---------- INFORMATION GIVEN ----------
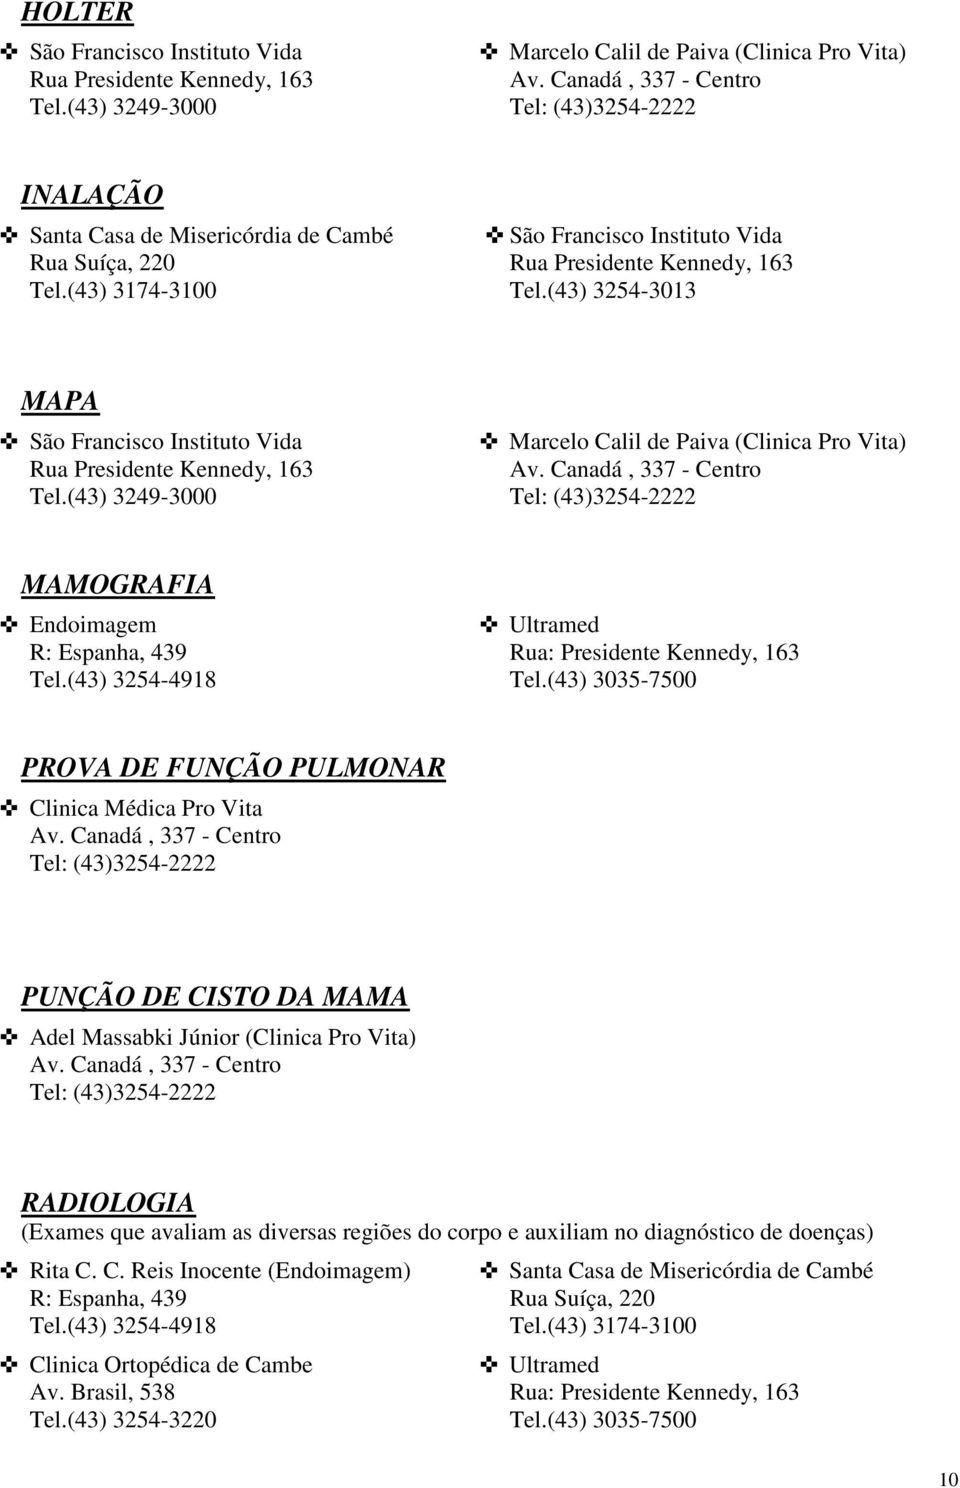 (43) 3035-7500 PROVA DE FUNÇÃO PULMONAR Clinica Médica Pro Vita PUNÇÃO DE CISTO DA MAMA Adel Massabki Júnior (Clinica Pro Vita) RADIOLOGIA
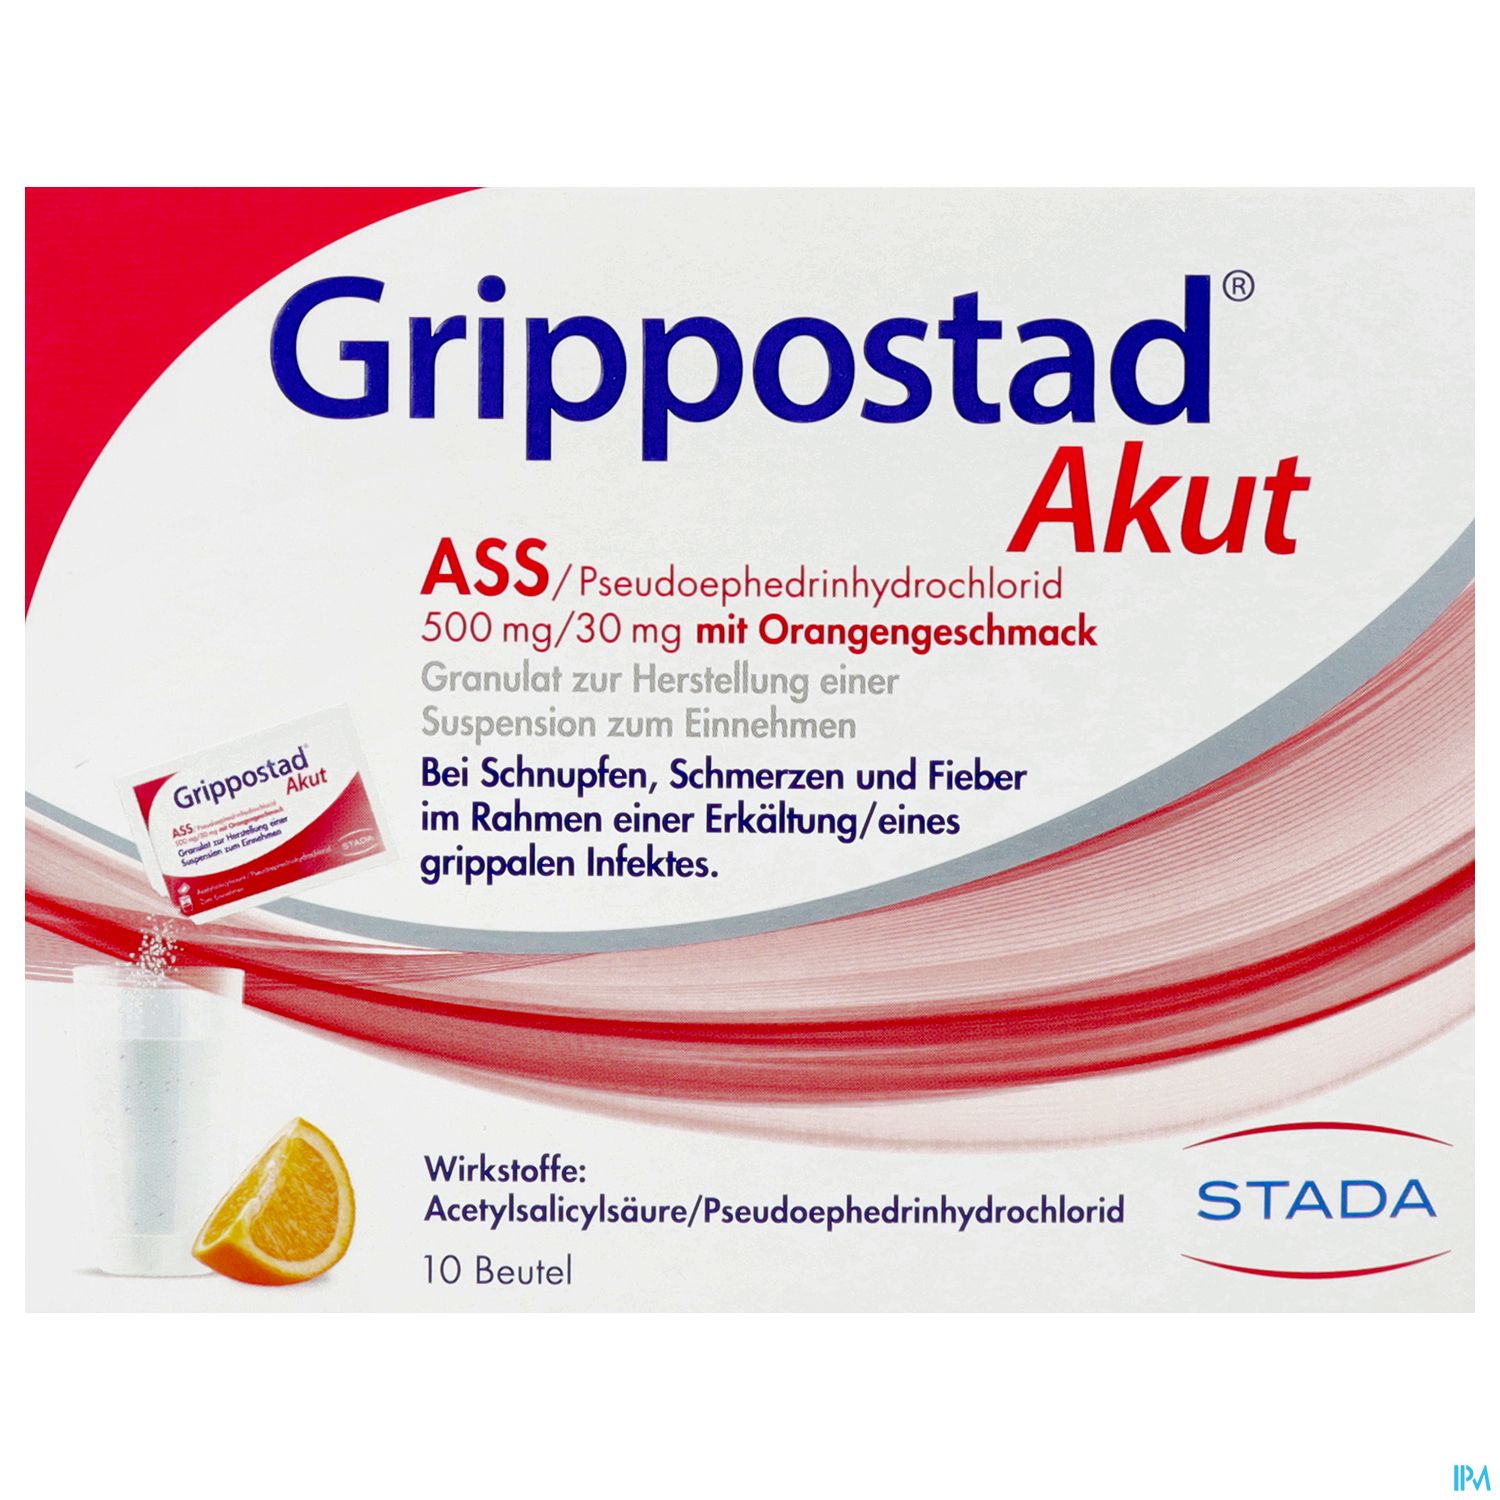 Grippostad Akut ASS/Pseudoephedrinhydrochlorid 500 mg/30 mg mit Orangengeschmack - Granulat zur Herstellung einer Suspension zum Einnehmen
----------
---------- INFORMATION GIVEN ----------
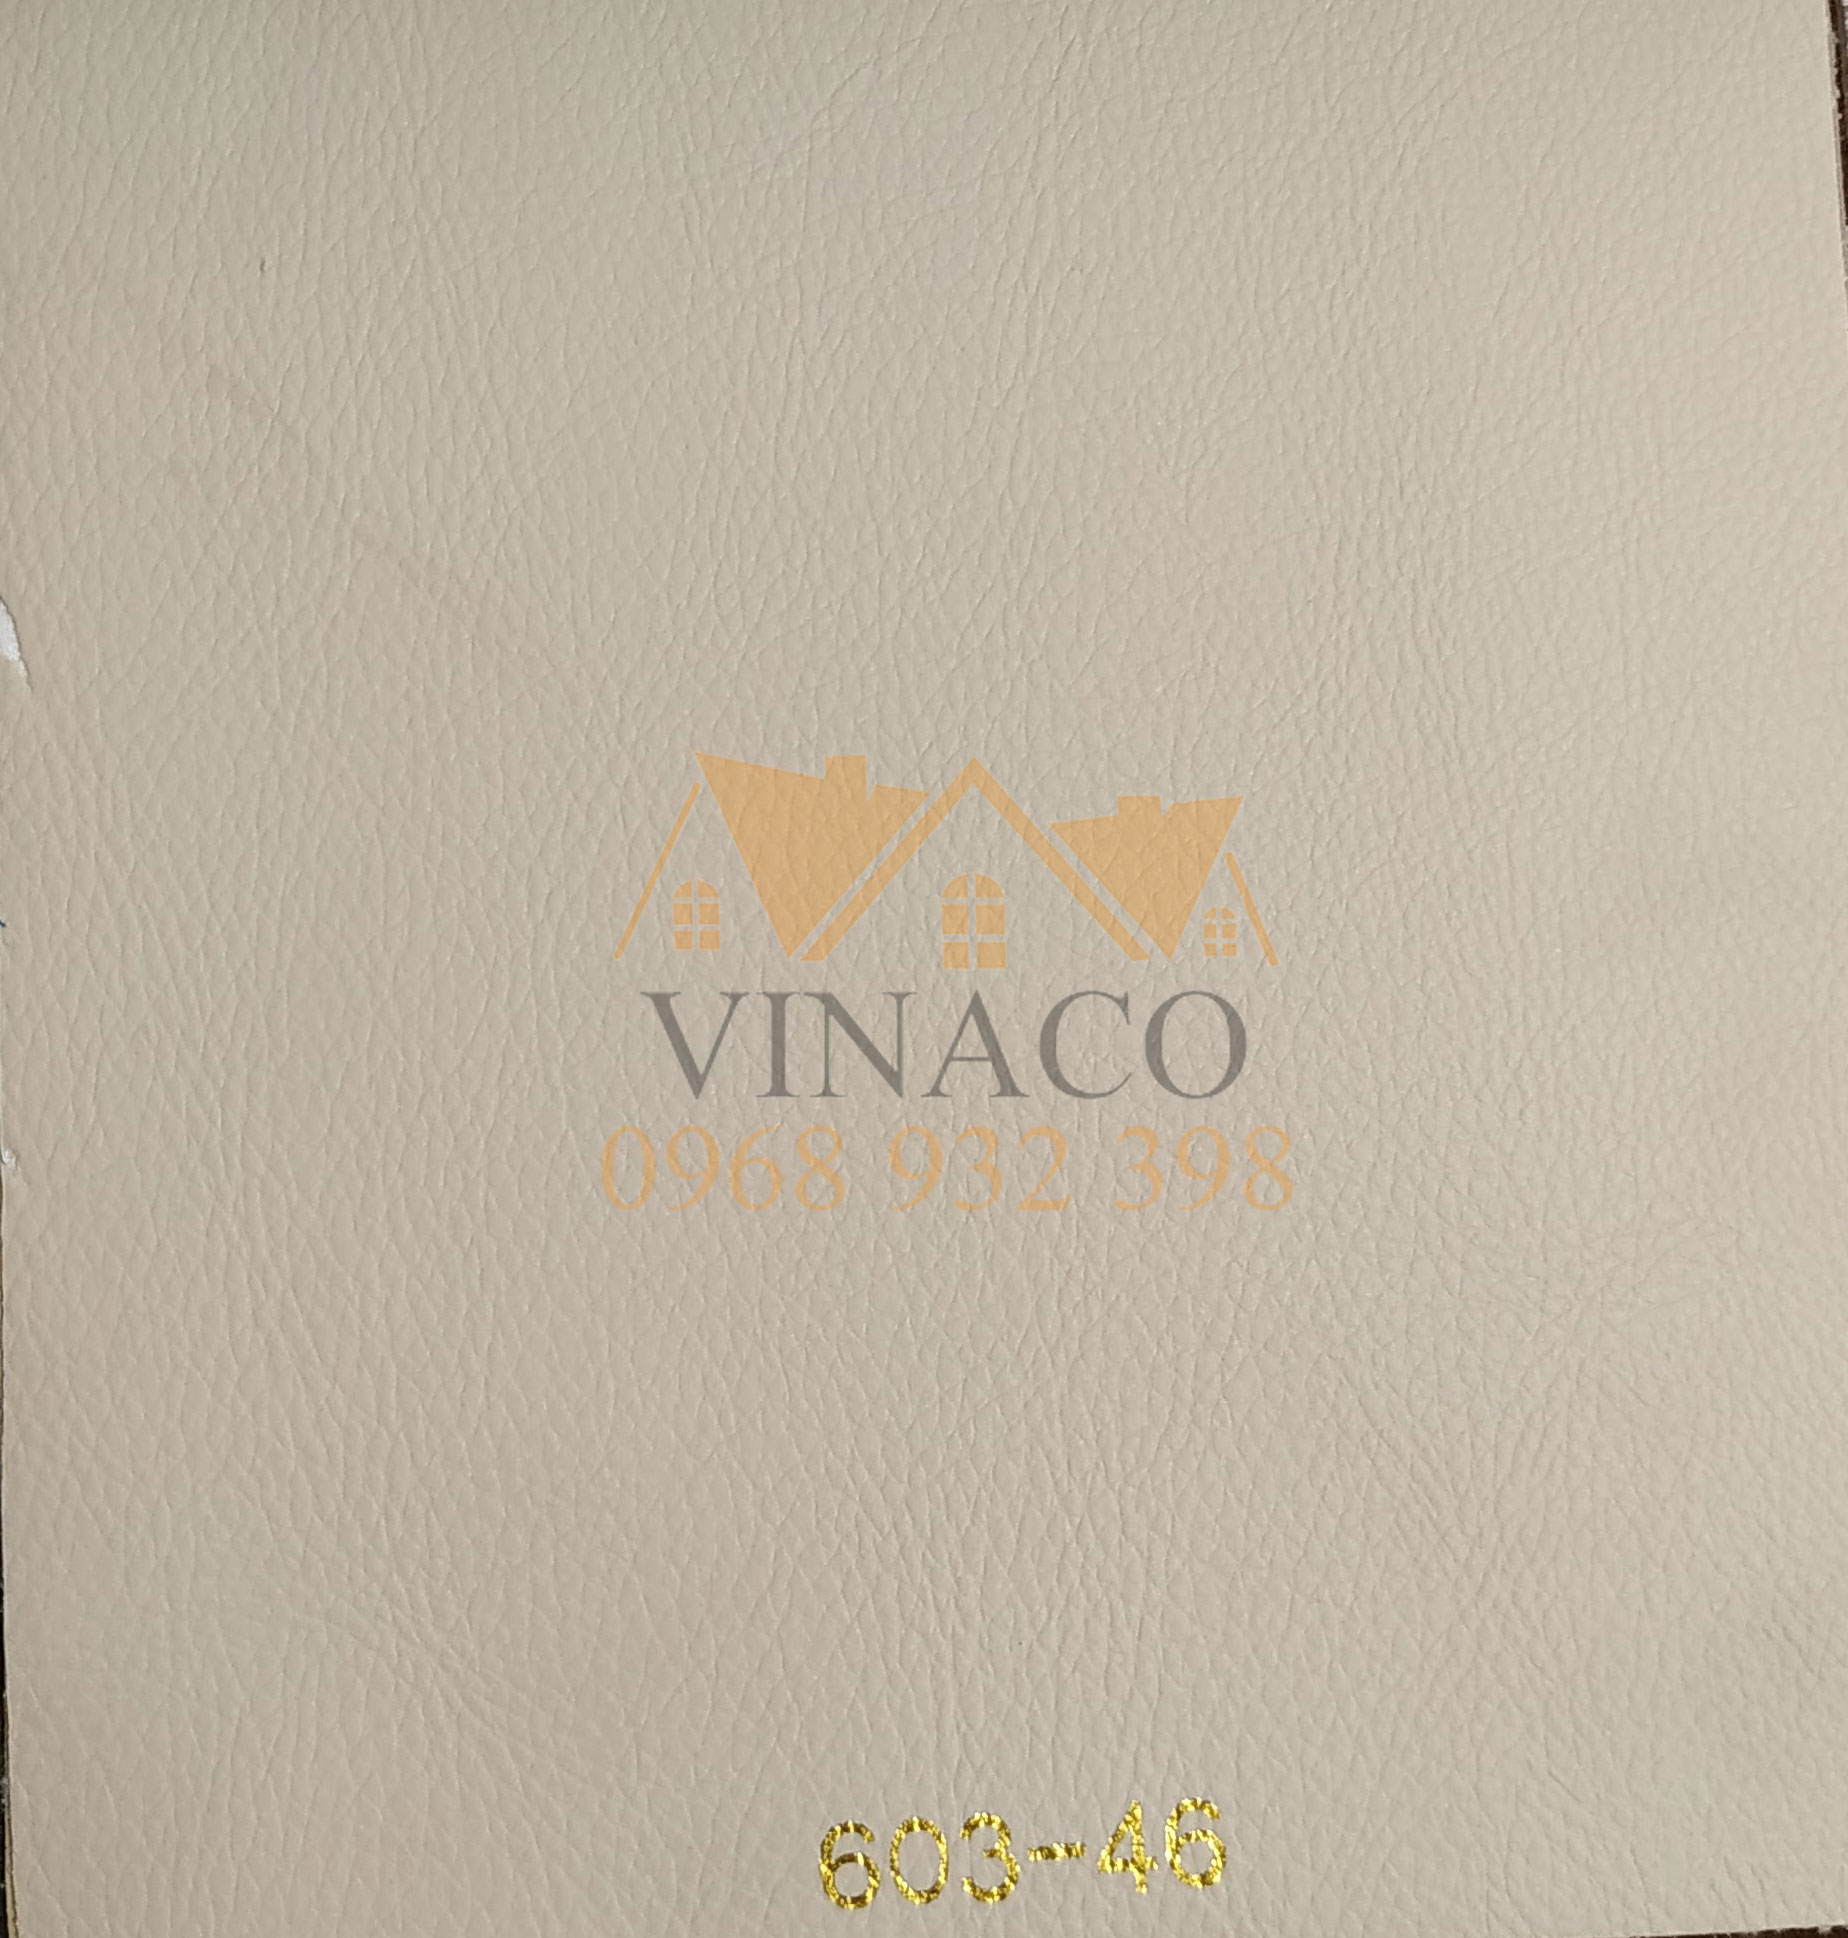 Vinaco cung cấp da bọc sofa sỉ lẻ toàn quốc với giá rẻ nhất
----------
EXERCISE DESCRIPTION
Using the data above, set down each line from the line with "(43) 3035-7500 PROVA" to the line with "Grippostad Akut ASS/Pseudoephedrinhydrochlorid" exactly, both ends included, and leave the pictures behind. Nothing else belongs.

OUTPUT FOR THIS TASK
 (43) 3035-7500 PROVA DE FUNÇÃO PULMONAR Clinica Médica Pro Vita PUNÇÃO DE CISTO DA MAMA Adel Massabki Júnior (Clinica Pro Vita) RADIOLOGIA
 Grippostad Akut ASS/Pseudoephedrinhydrochlorid 500 mg/30 mg mit Orangengeschmack - Granulat zur Herstellung einer Suspension zum Einnehmen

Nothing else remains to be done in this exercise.